REQUIRED WORK:
Please reproduce the data exactly and omit the pictures.

AVAILABLE DATA:

■ ■ ■

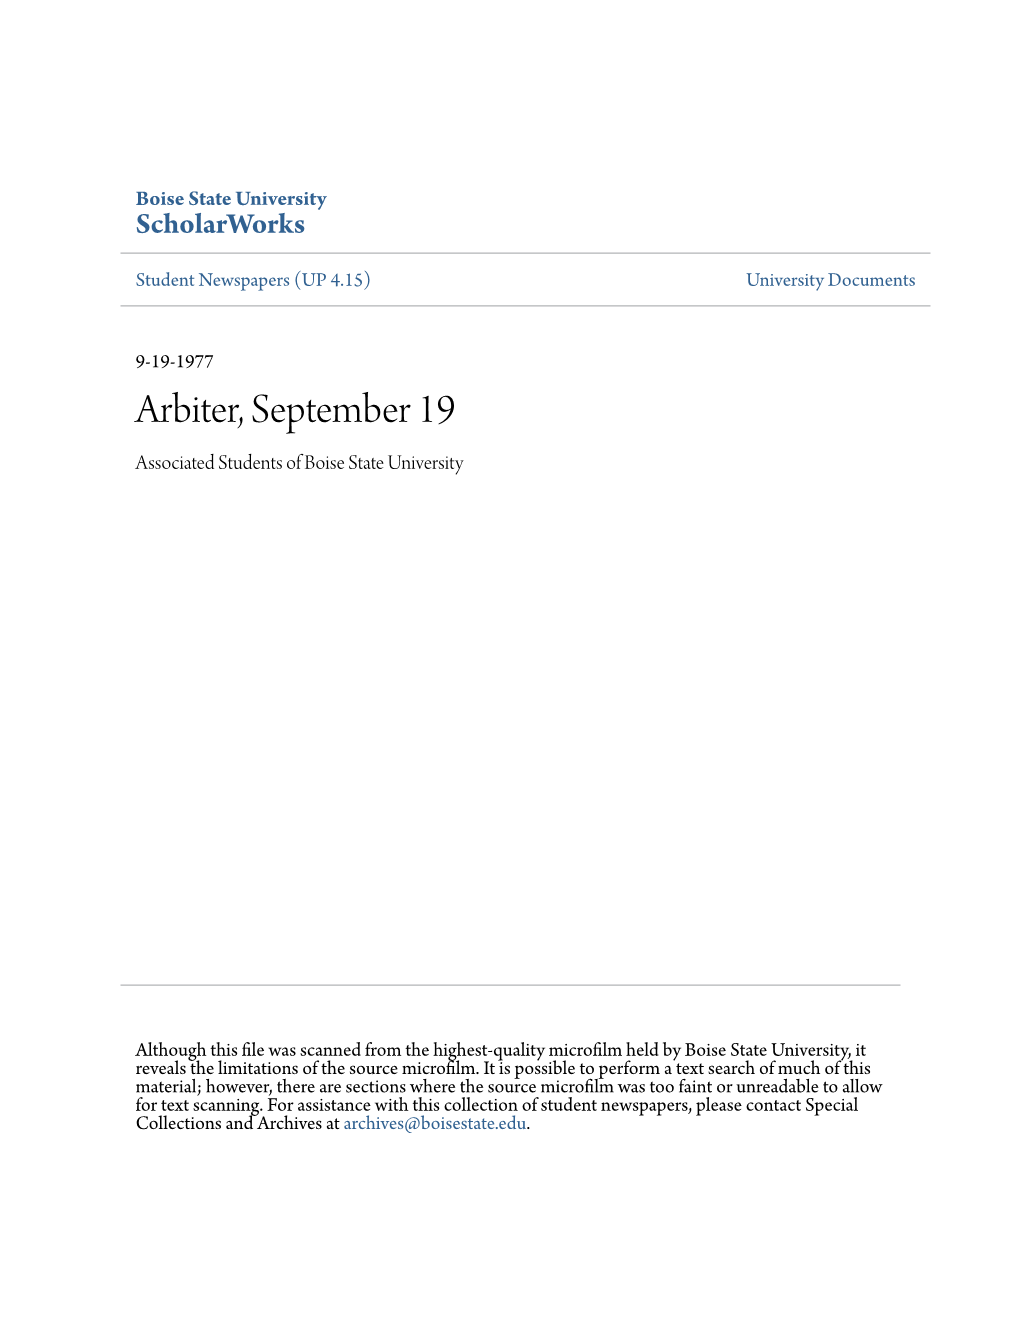 Arbiter, September 19 Associated Students of Boise State University
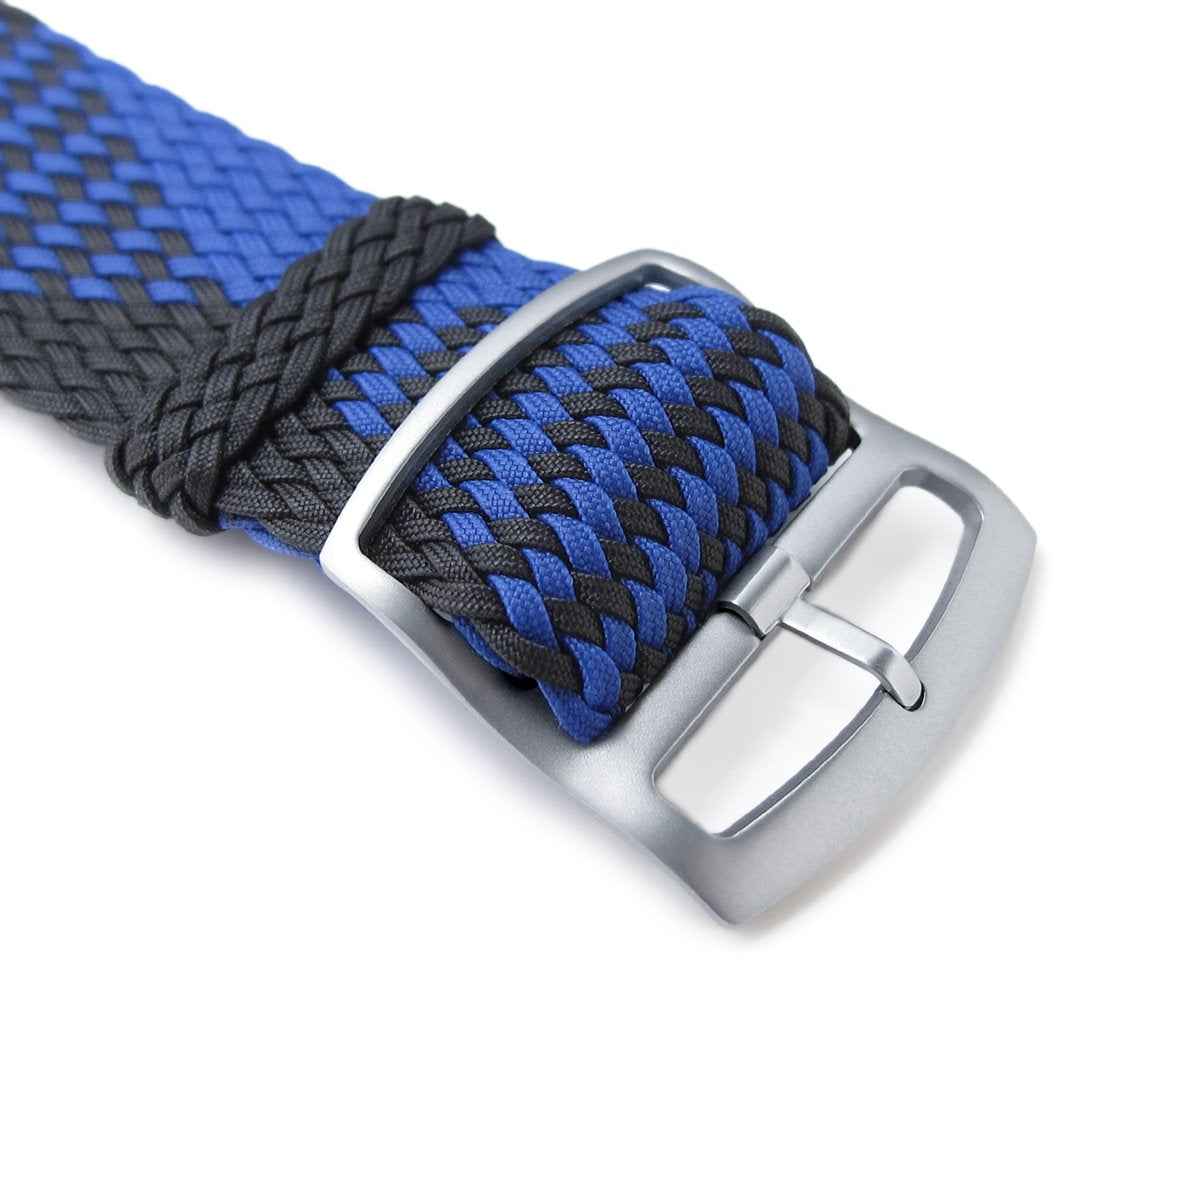 20 22mm MiLTAT Perlon Watch Strap Black & Blue Sandblasted Ladder Lock Slider Buckle Strapcode Watch Bands
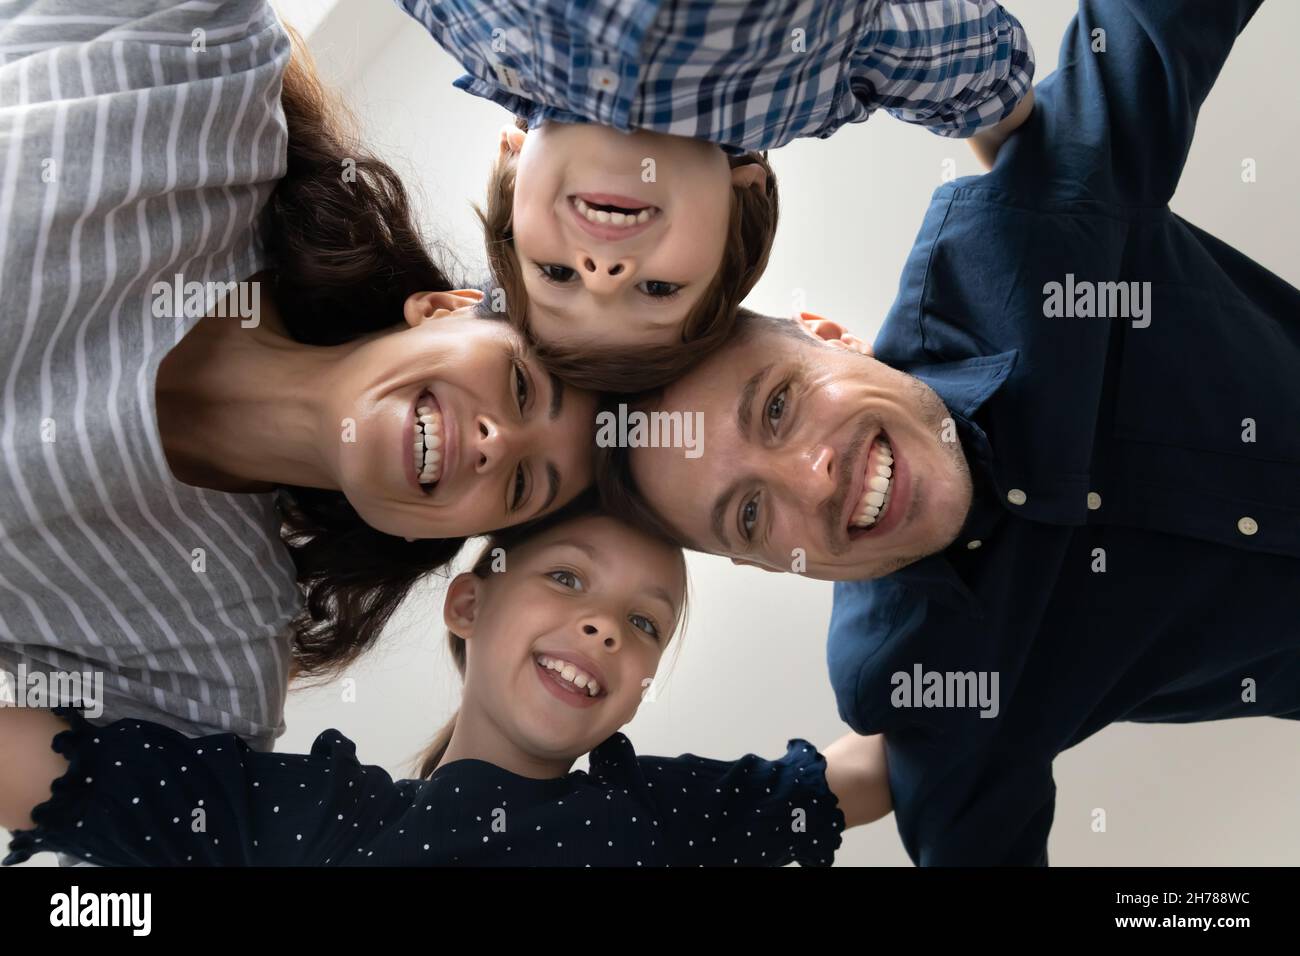 La vue de dessous fait face à la famille avec les enfants souriant en regardant l'appareil photo Banque D'Images
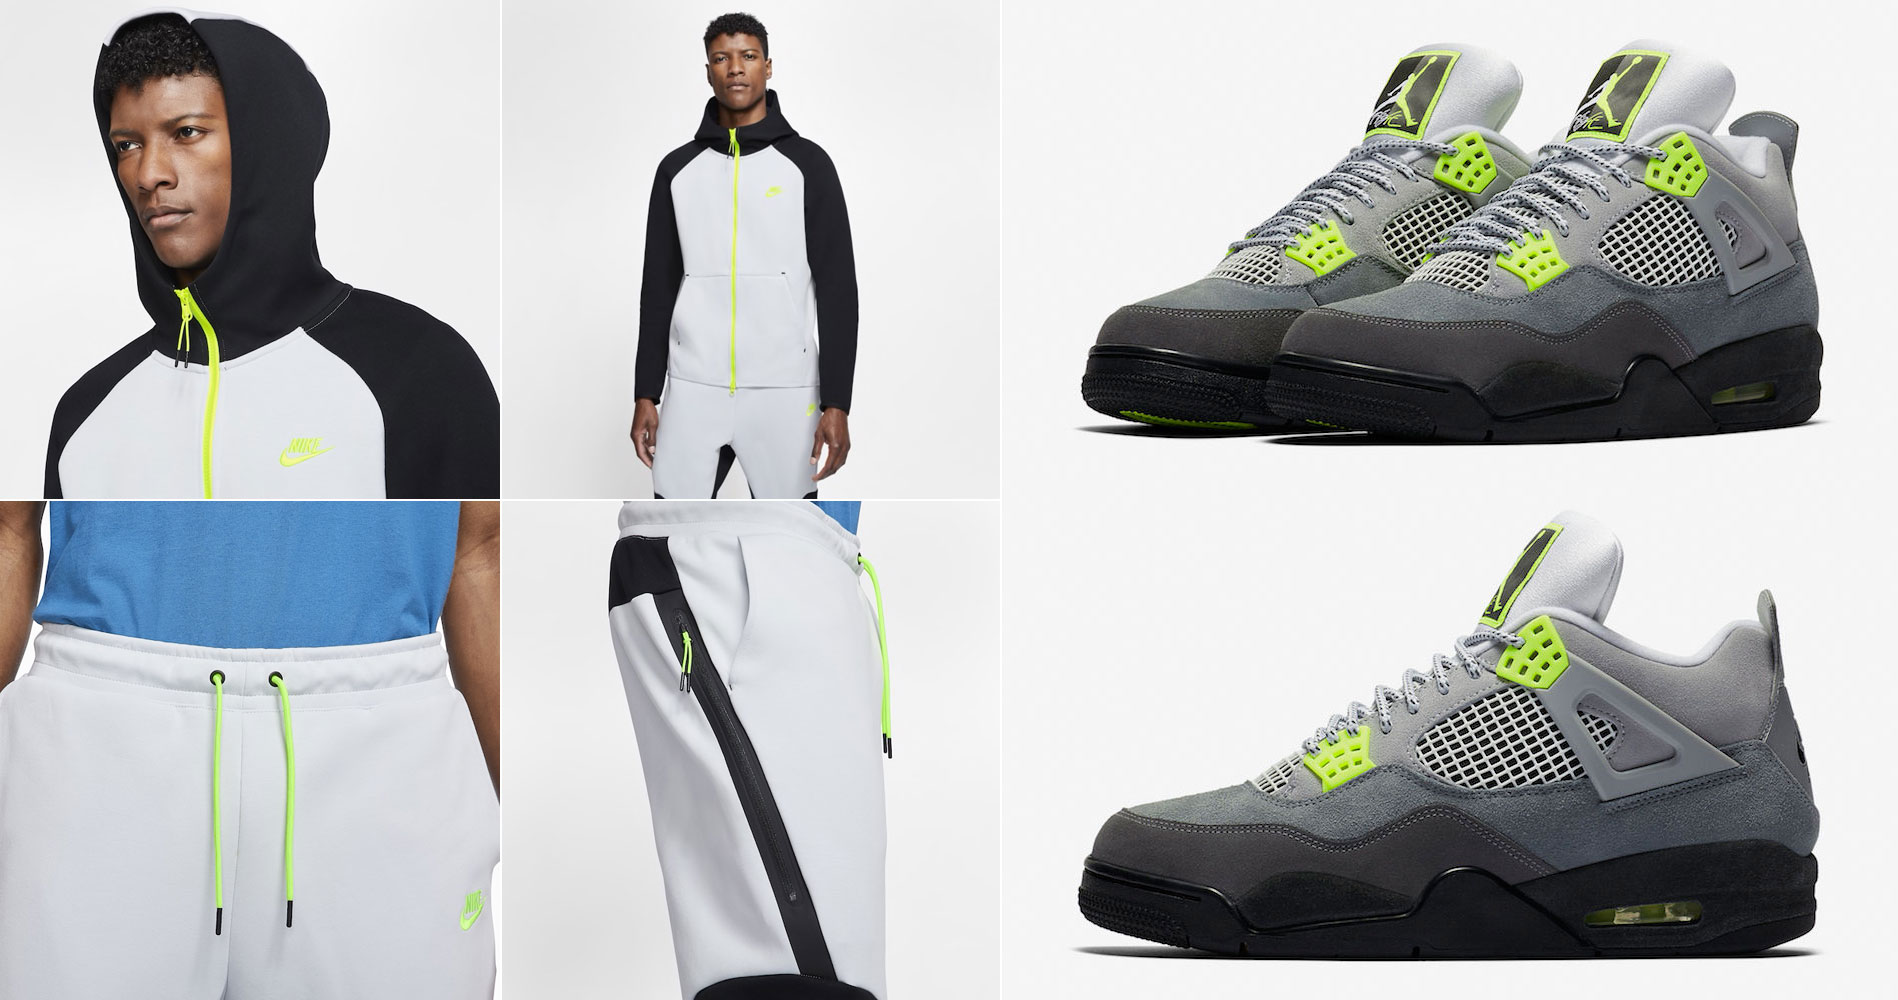 Air Jordan 4 Neon Nike Hoodie and

■ ■ ■

ANSWER SECTION:
 Arbiter, September 19 Associated Students of Boise State University
 20 22mm MiLTAT Perlon Watch Strap Black & Blue Sandblasted Ladder Lock Slider Buckle Strapcode Watch Bands
 La vue de dessous fait face à la famille avec les enfants souriant en regardant l'appareil photo Banque D'Images
 Air Jordan 4 Neon Nike Hoodie and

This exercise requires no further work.